I think I could, and should, combine the transformations into a single pass that performs all three per-feed, pre-merge transformations. But it's conceptually easier to just run three passes. Even though processing a single feed can take up to 10 seconds, my ZIO-based app trivially parallelizes the transformations. Plus, reloads/reconstructions of the megafeed happen only once every 30 minutes.

So, although I feel a bit of professional embarrassment over the very remediable poor performance of feed reconstruction, it has no practical cost, and I haven’t (yet) bothered to fix it. Updated feeds replace prior feeds atomically, so there's no downtime while a new feed is under construction.

Anyway, it was all a bit much, a bit more than I had bargained for when, almost on a whim, I set out to RSS-ify my podcast management.

But now it’s done. I manage and subscribe to podcasts in Inoreader. A bit omphaloskeptically, I resubscribe from Inoreader to the re-sort of those feeds performed by my server. I listen straight off of Inoreader on my laptop. On the phone, I bounce between several apps — mostly Podcast Republic and Podcast Guru — to listen to whatever I’m into. (I still like Castro, but I've left my old setup alone there, just in case.) Each app sees the same feed, synced to Inoreder. Information the apps themselves generate, like for how long an episode has been listened to or whether it’s already completed, does not get synced between apps. I don’t find that to be a problem.

Inoreader supports tags, and will export an RSS feed of posts with a given tag. I’ve created a tag called “Queued”, and I have my podcast apps subscribe to that too. So I can browse on my desktop, tag episodes I may be particularly interested in, and find those quickly in a second feed each podcast app subscribes to.

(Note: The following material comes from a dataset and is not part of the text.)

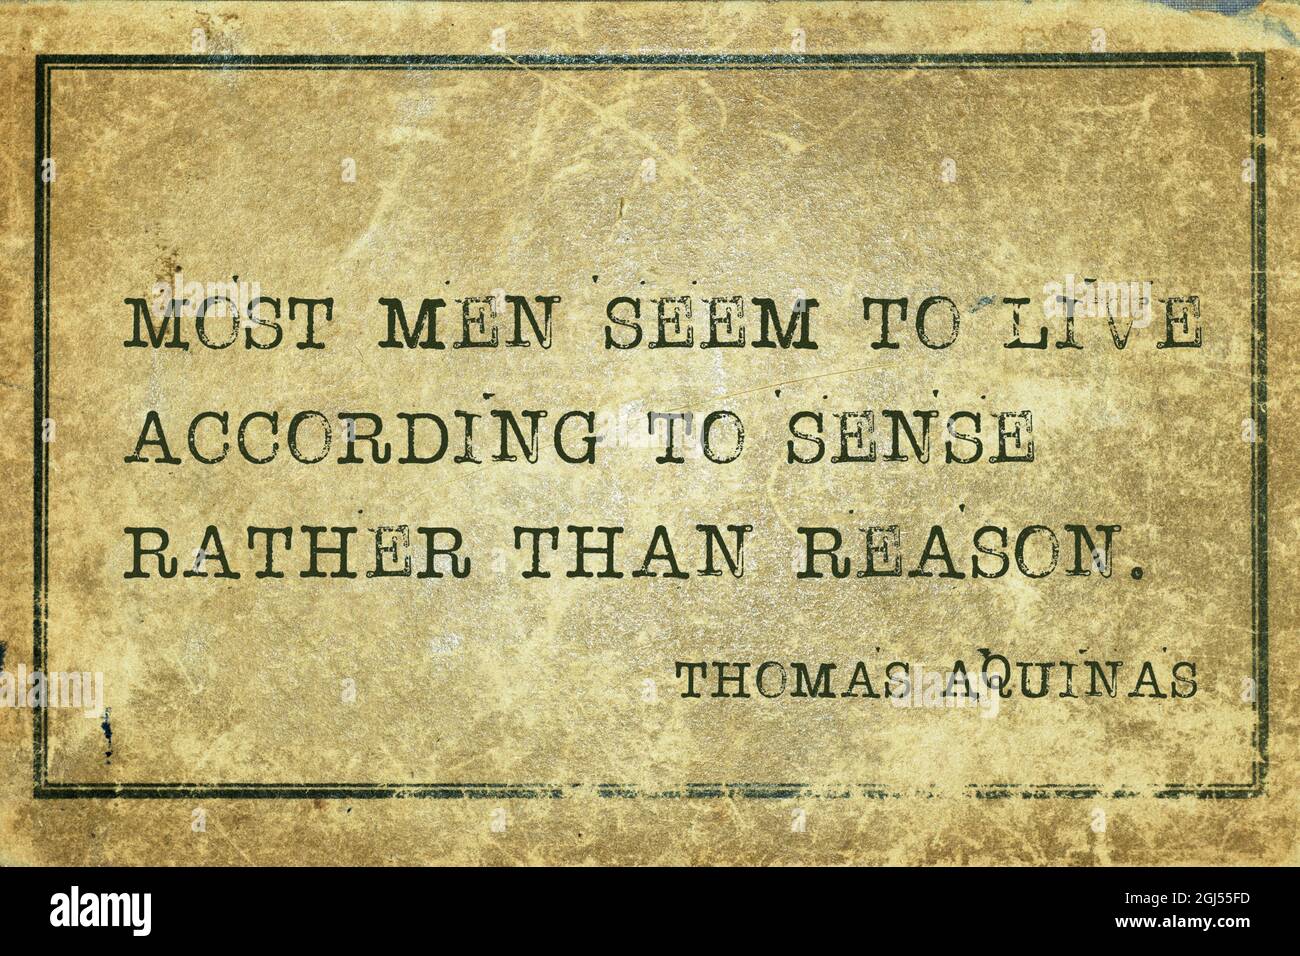 Most men seem to live according to sense rather than reason - quote of ancient Italian priest, theologian and philosopher Thomas Aquinas printed on gr Stock Photo

In general, I subscribe to two feeds in each app, my gigafeed that merges all of my podcast subscriptions, and my Queued feed which offers just a few episodes that I’ve selected.

So far it's working pretty well!

A couple of quick miscellaneous tips:

  • podnews.net is a great resource for finding podcast RSS feeds. Just search by name, if necessary restricting to "The Podcast Index". When you find a podcast, you'll see a gazillion icons for apps and platforms, but the very last one will be the podcast's clean, beautiful, old-fashioned RSS feed.

  • I subscribe to some very high frequency podcasts, like "NPR News Now", which comes out each hour. A wonderful feature of Inoreader is it caches the full history of your feeds. But here this becomes a problem. To prevent the history of high frequency feeds from drowning out eveything in my Inoreader podcasts folder I segregate high-frequency feeds into a "Podcasts HF" folder. When I merge feeds, I draw on the OPML from this folder as well as from my main podcasts folder. NPR's actual feed always includes only the single most recent episode, so it doesn't overwhelm my merged feed, which loads the feed to merge from NPR, not Inoreader folder.